We’re making great use of what we call “UAVs,” or Unmanned Aerial Vehicles. UAVs like the Predator are being equipped with laser-guided missiles. In the Air Force, we like to talk about shortening the “sensor-to-shooter timeline,” meaning the time it takes for us to spot the bad guys and call in an air strike on them. But in the case of the Predator, the sensor is the shooter. Not only can operators on the ground see the bad guys with real-time video images, but now they can take them out with lethal precision, and that’s a good thing.

Our medical teams are operating closer to the front lines than ever before. Because of that, patients are getting advanced medical care within hours, not days or weeks, as they had in the past. The result is that we’re seeing the lowest death rate of wounded Soldiers in any war in history.

Nevertheless, the loss of any of our men and women is deeply felt. As President Bush said, “We mourn every loss of life,” but he promised, “We’ll honor their memories by completing the mission.”

The road to democracy in Iraq will be a long and difficult one. But however long it takes, you can be sure that the men and women of the U.S. Air Force will be there, both in the air and on the ground, doing whatever needs to be done to achieve our assigned mission.

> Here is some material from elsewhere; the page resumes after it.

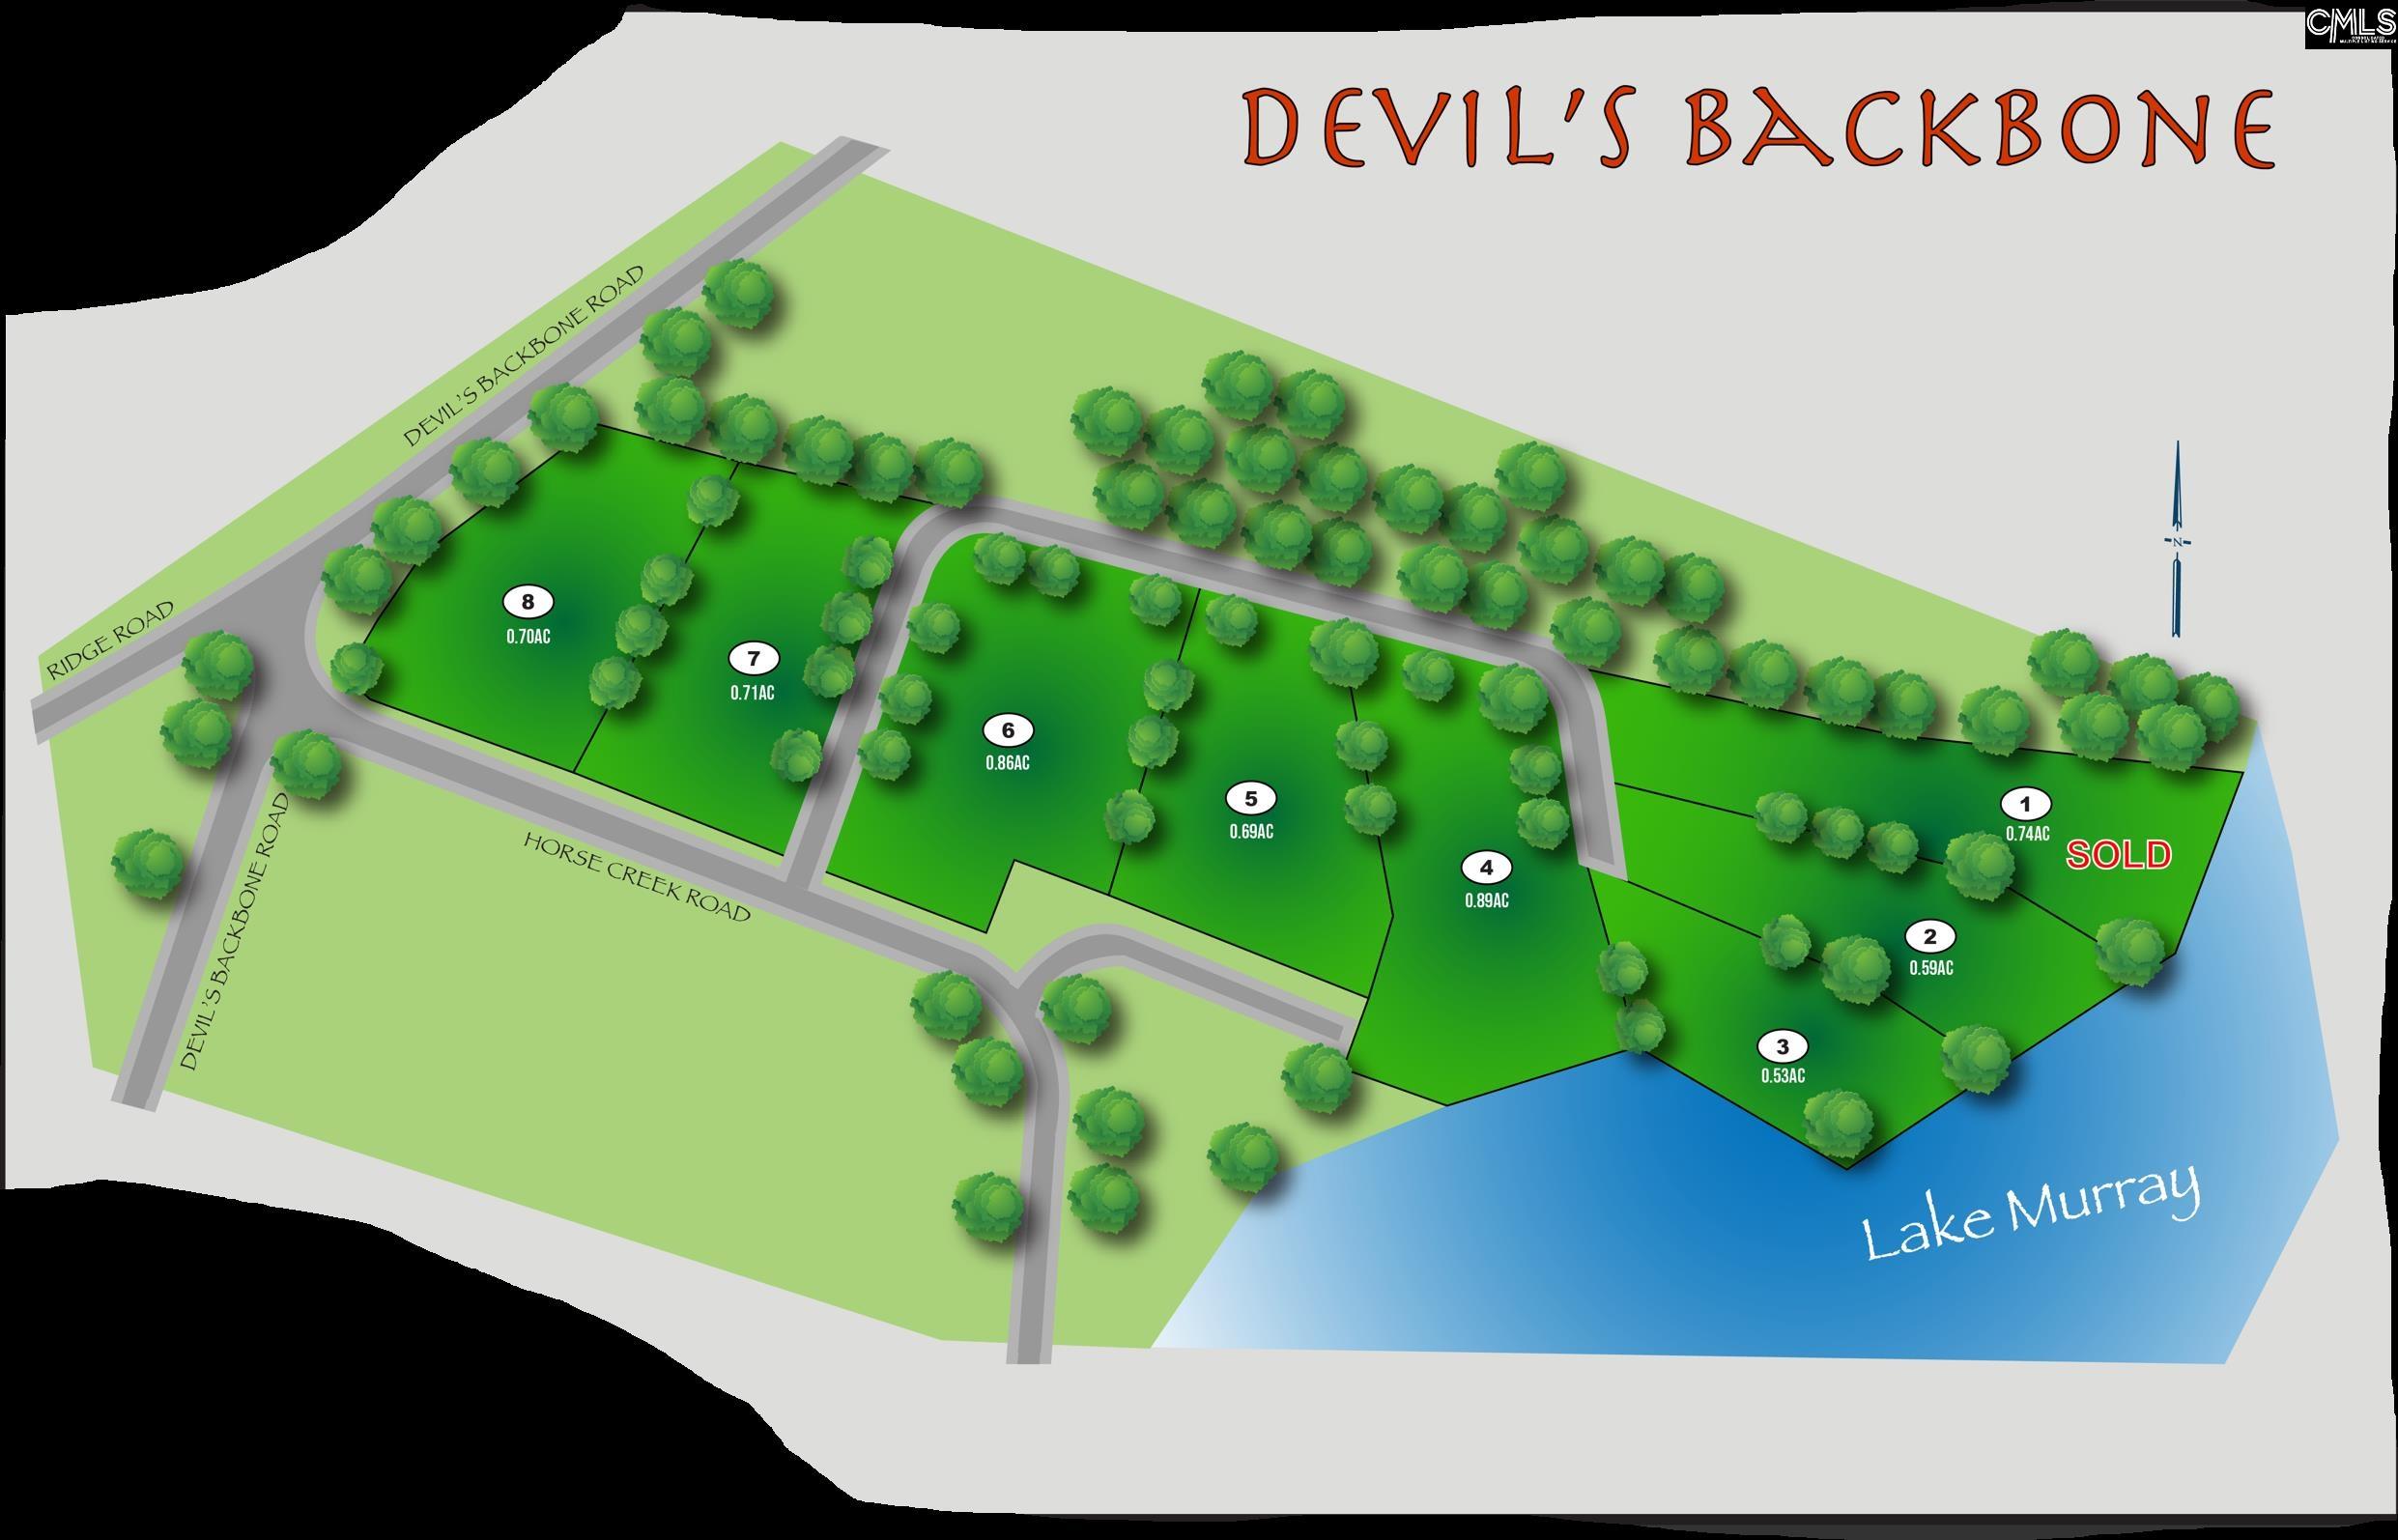 Devils Backbone Road #8, Leesville, South Carolina image 2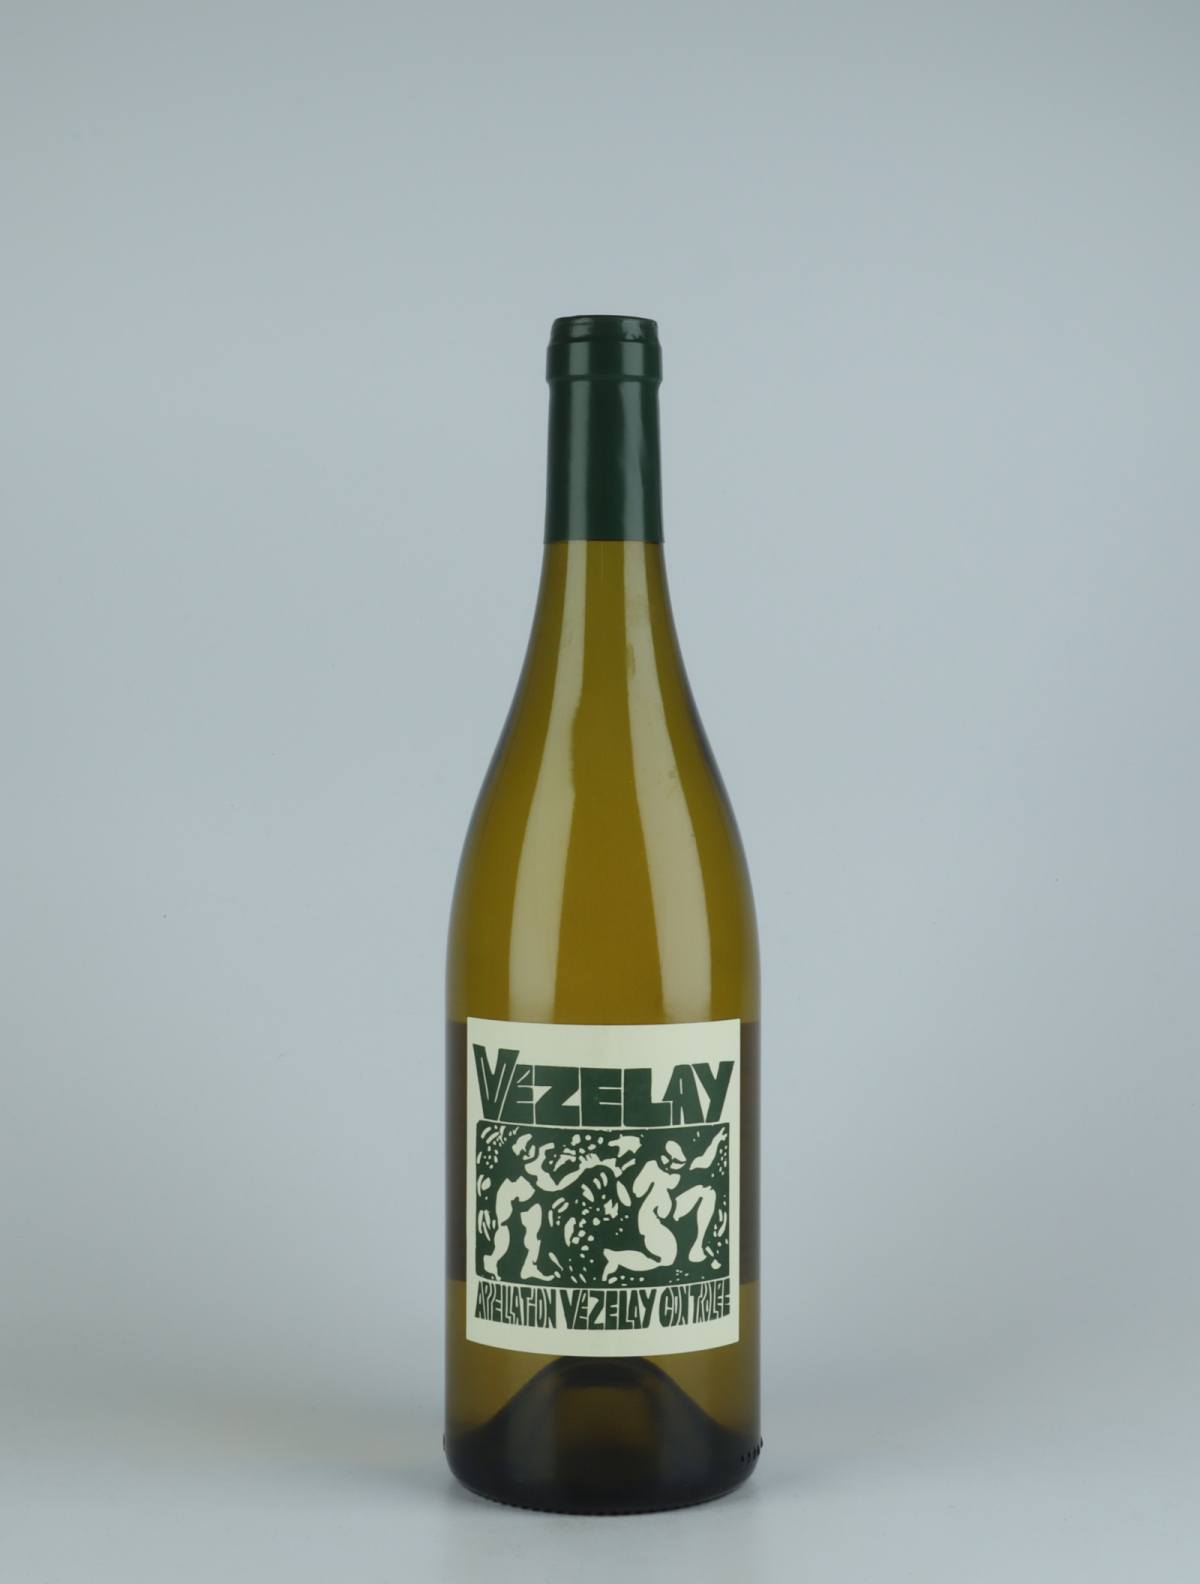 A bottle 2020 Bourgogne Vézelay White wine from La Sœur Cadette, Burgundy in France

What Lies Ahead: The Air Force has truly earned its wings in its first 58 years of existence. We cannot know what challenges lie ahead for those who wear the Air Force uniform. After all, who could have predicted the attacks of September 11th, 2001, or the devastation along the Gulf Coast from Hurricane Katrina? But the Air Force has a rich tradition of rising to meet those challenges. We can be confident that America’s Air Force will be up to the task.